**Required action:**
Output the listing word for word, minus images.

##### Stored data

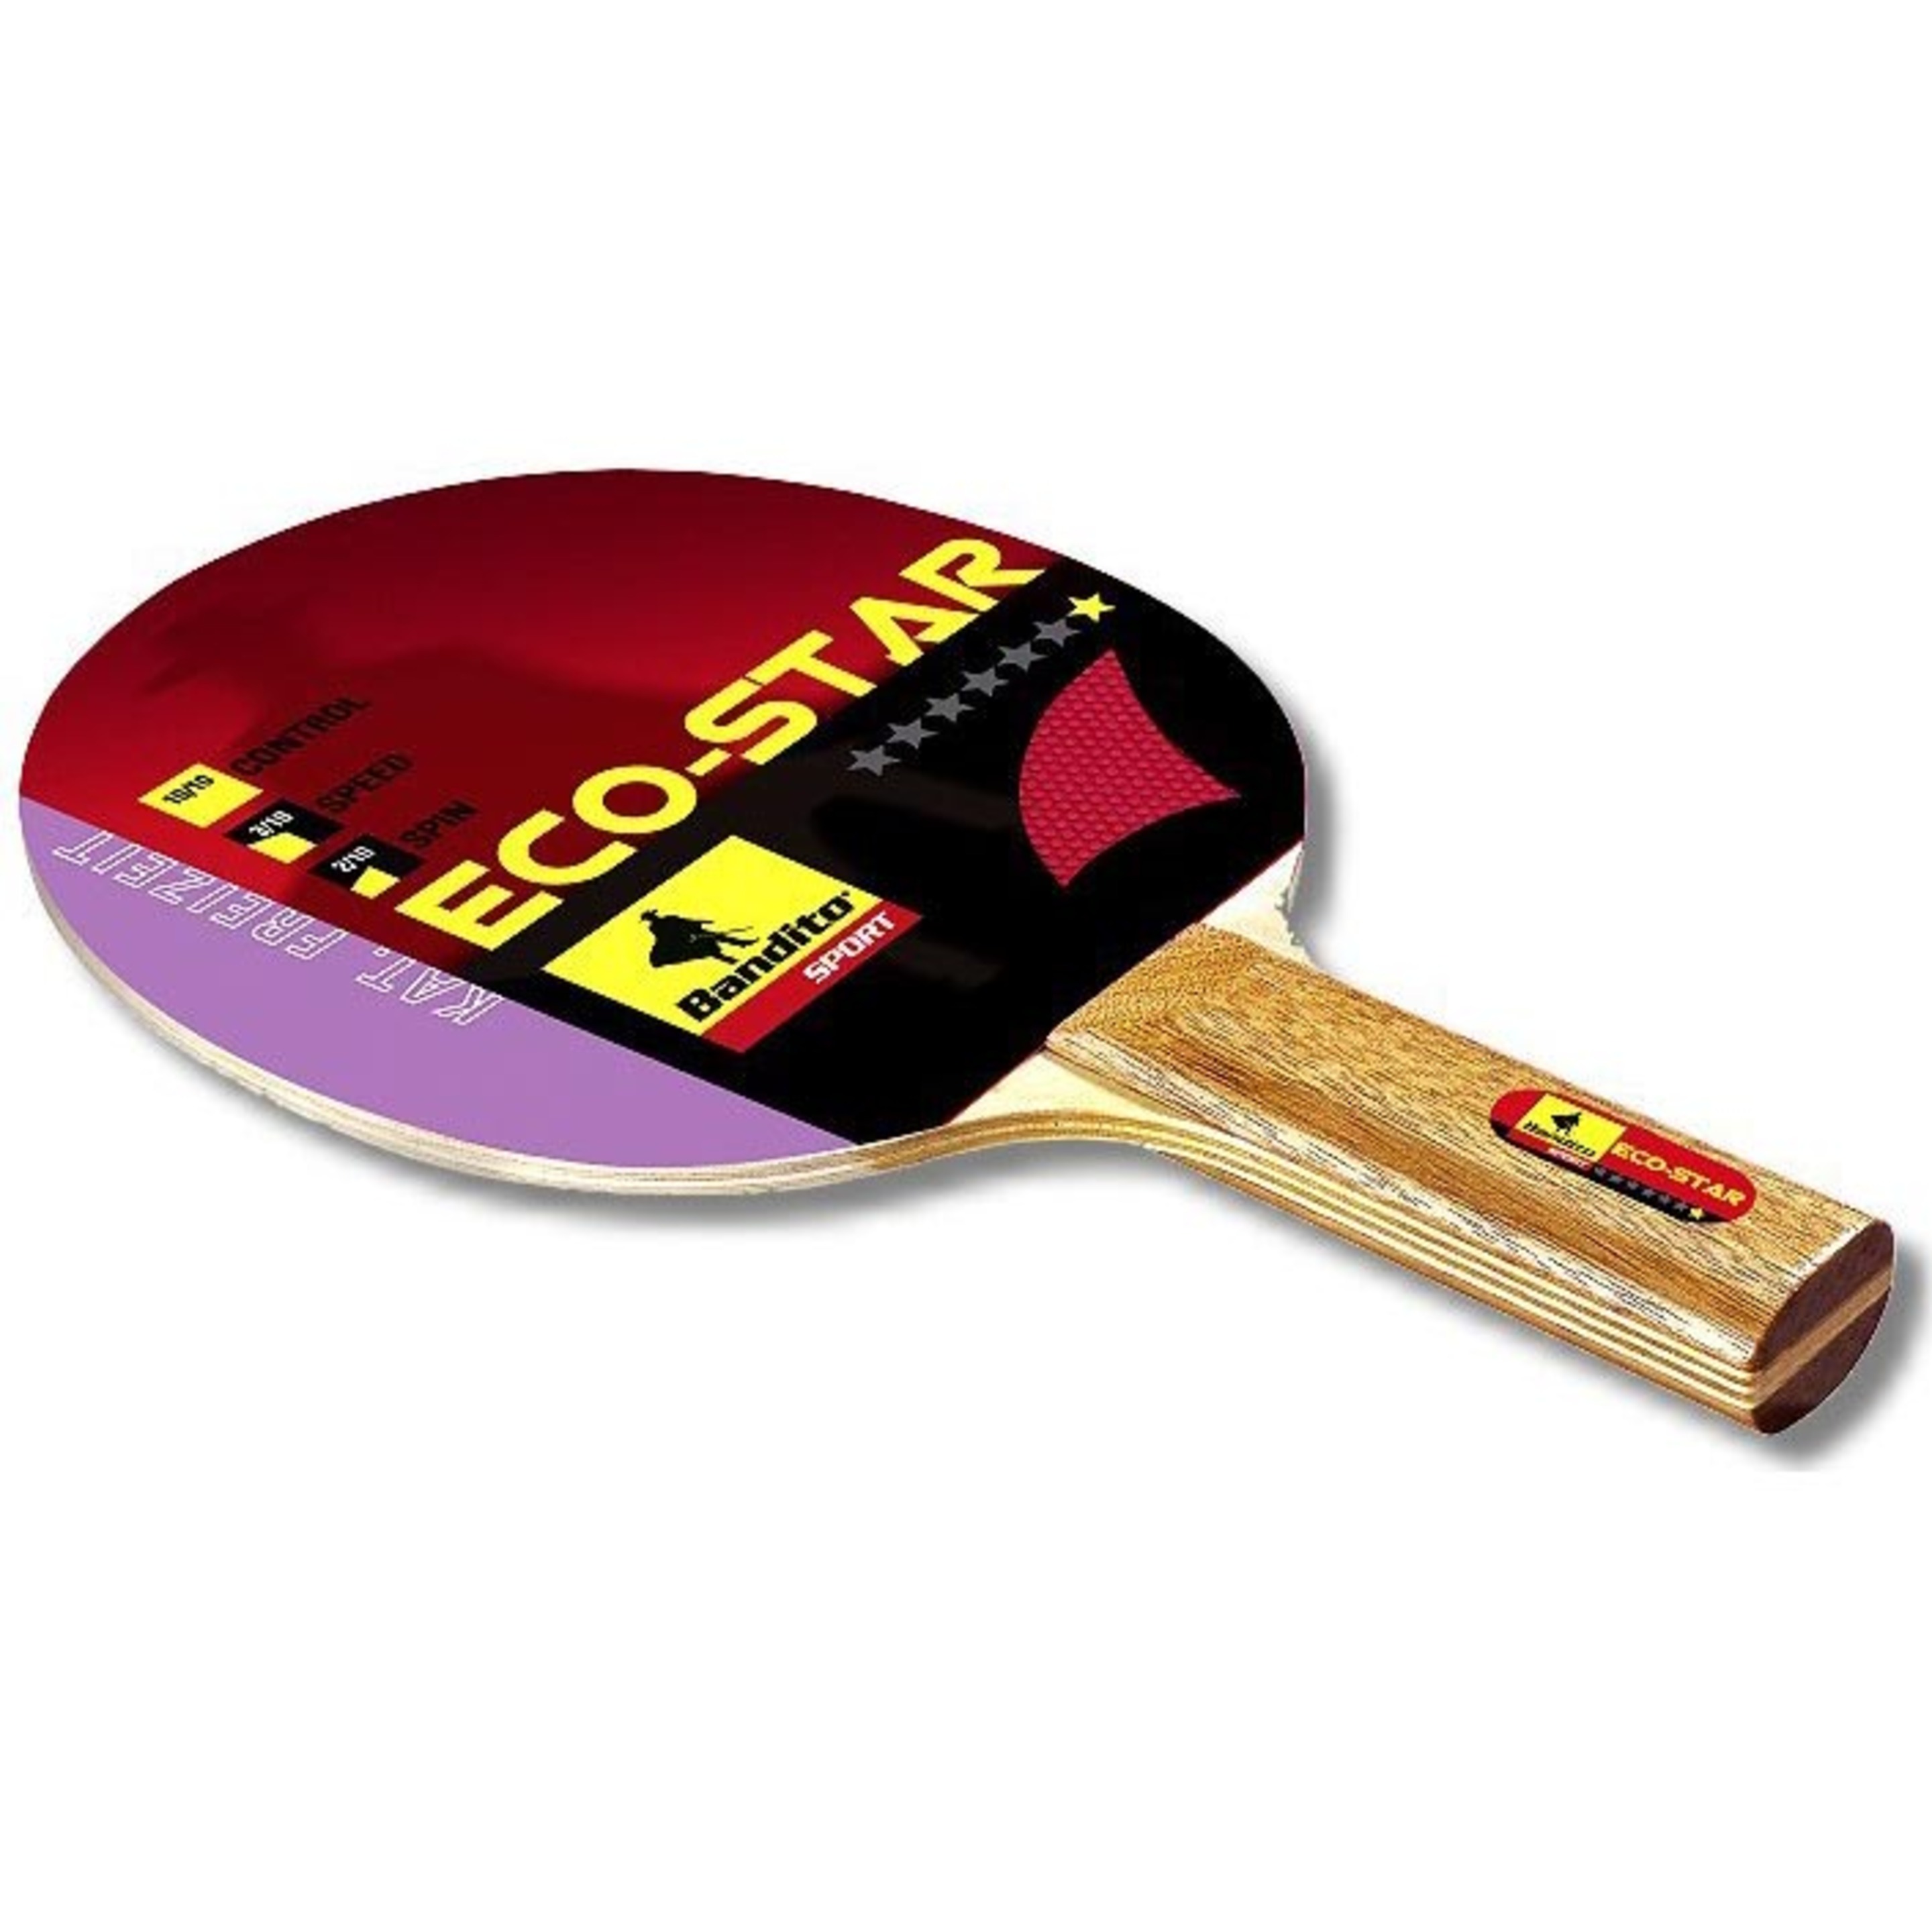 Pack 2 Pala Ping Pong + 3 Bolas + Red Bandito Sport Eco-star 4110.01 - Negro - Pack 2 Pala Ping Pong + 3 Bolas + R  MKP
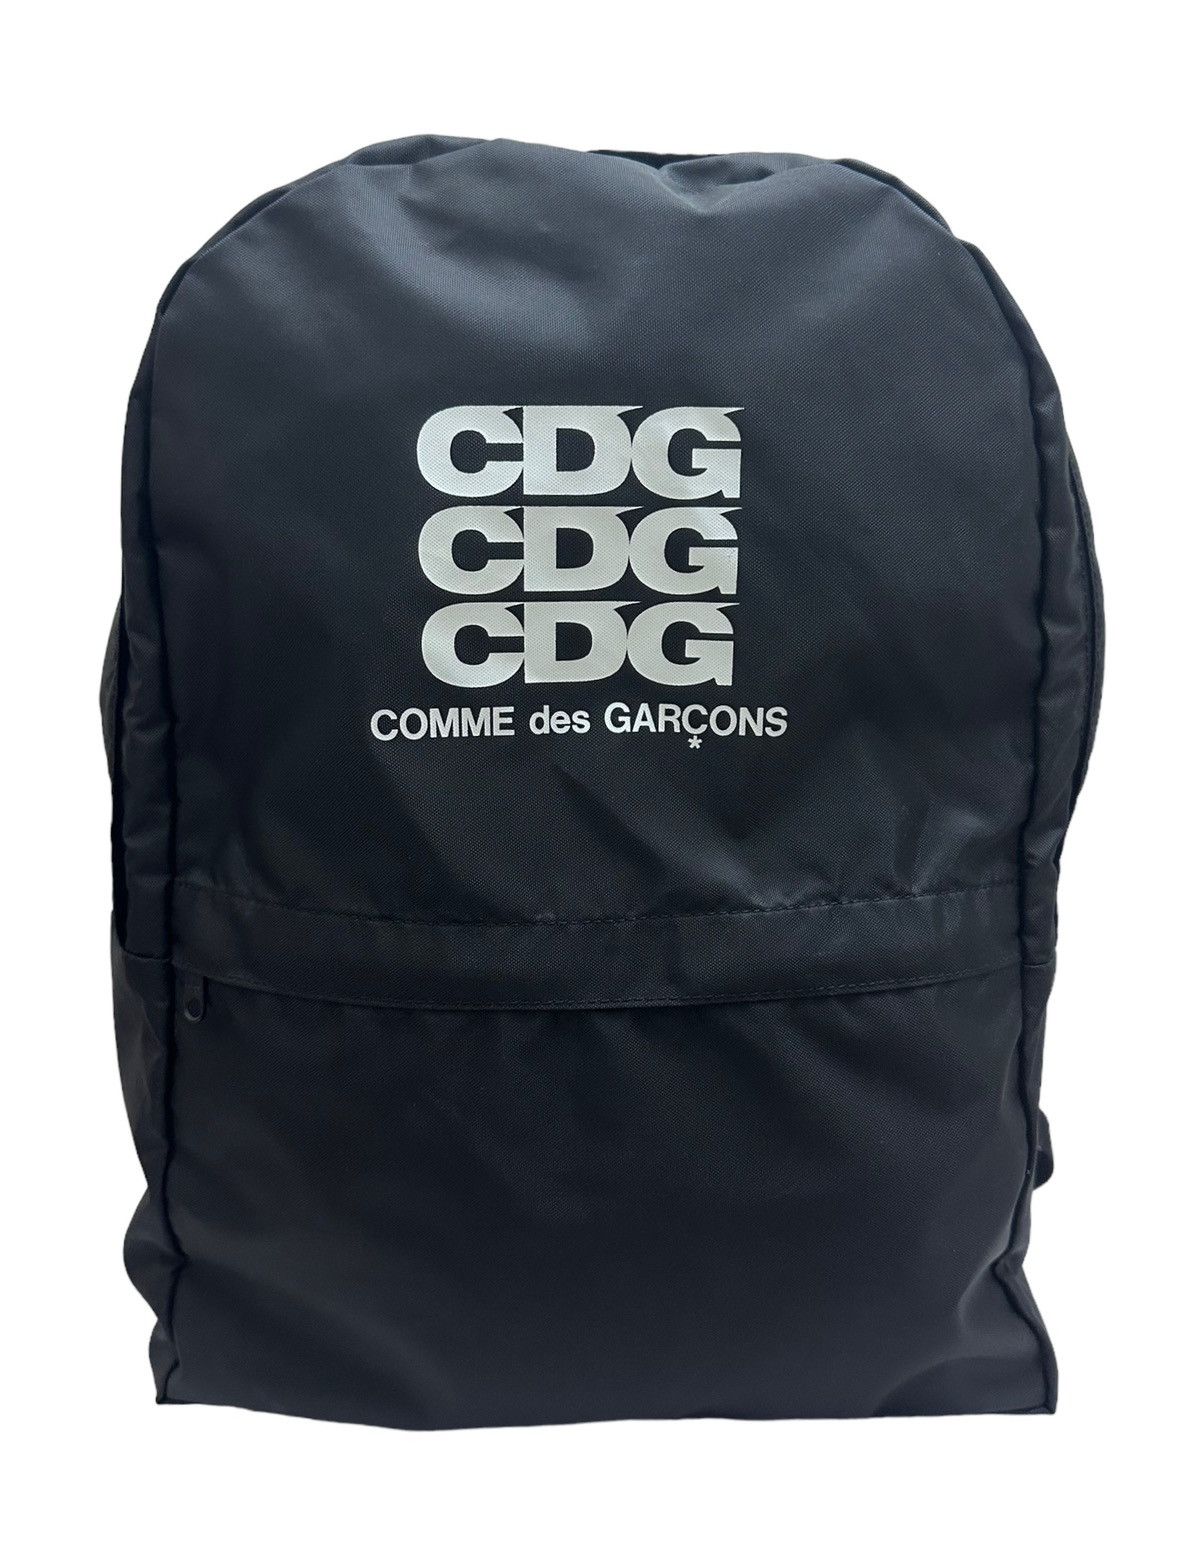 Comme Des Garcons Backpack | Grailed
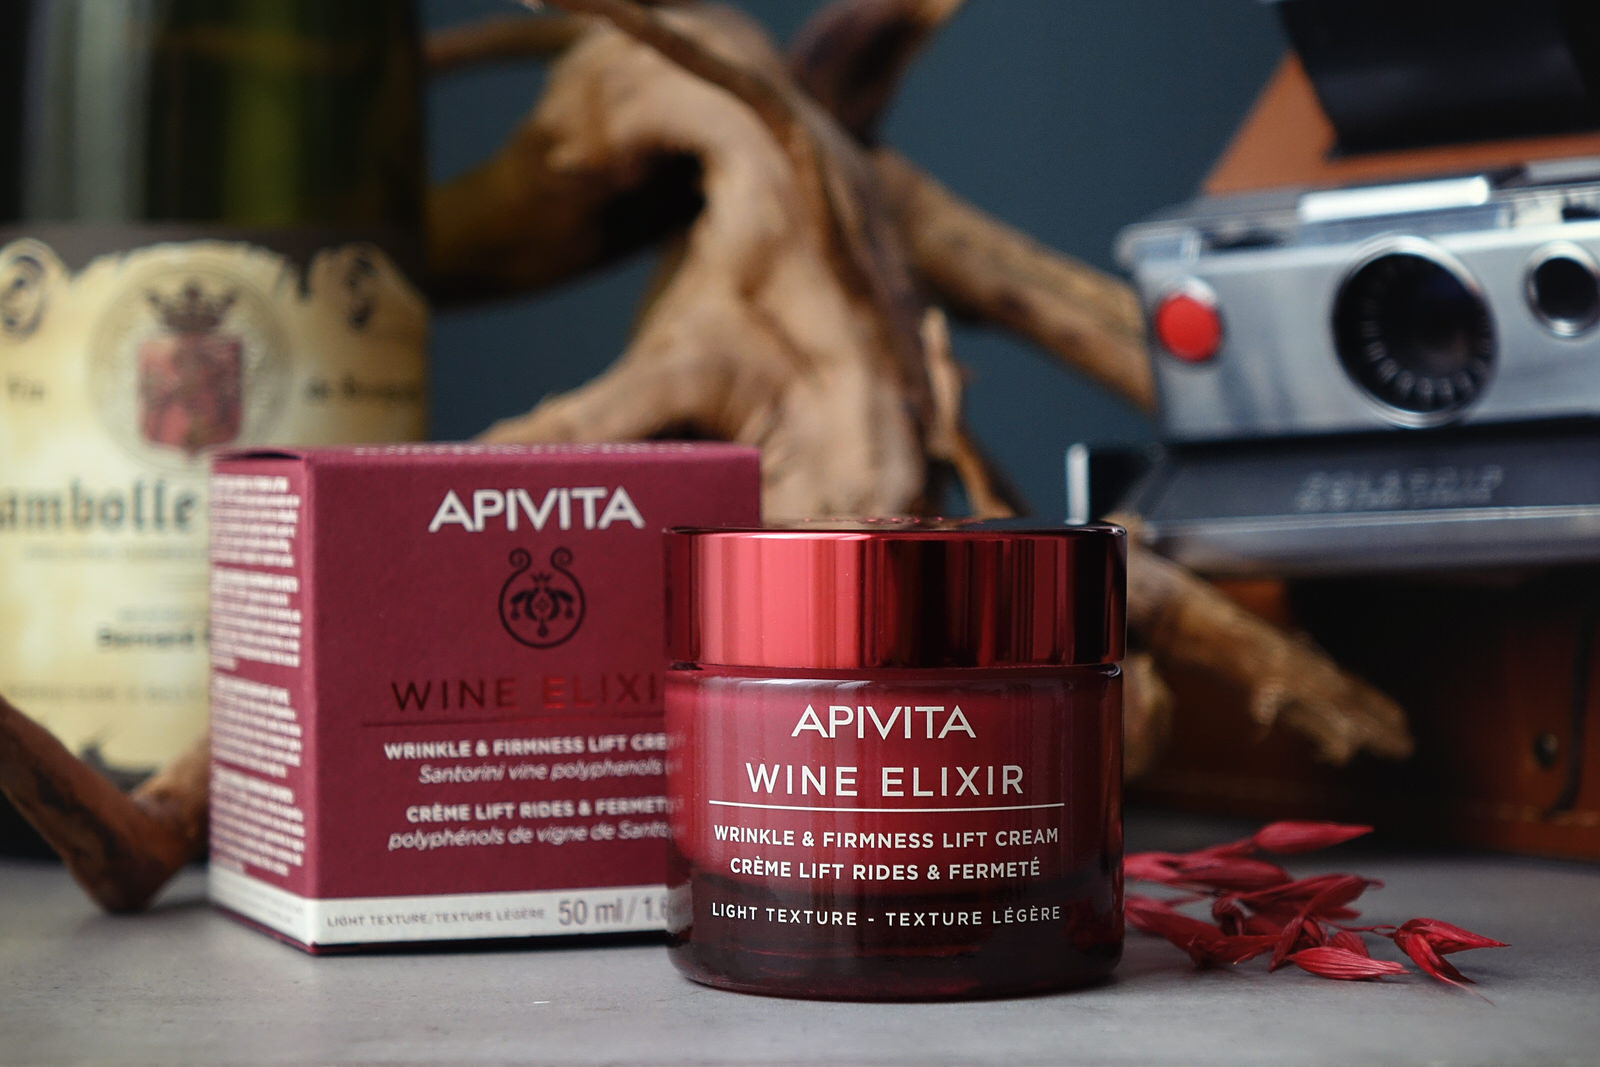 La nouvelle gamme de soins d'Apivita, "Wine Elixir"

##########

**Expected output:**
 Pack 2 Pala Ping Pong + 3 Bolas + Red Bandito Sport Eco-star 4110.01 - Negro - Pack 2 Pala Ping Pong + 3 Bolas + R  MKP
 Comme Des Garcons Backpack | Grailed
 La nouvelle gamme de soins d'Apivita, "Wine Elixir"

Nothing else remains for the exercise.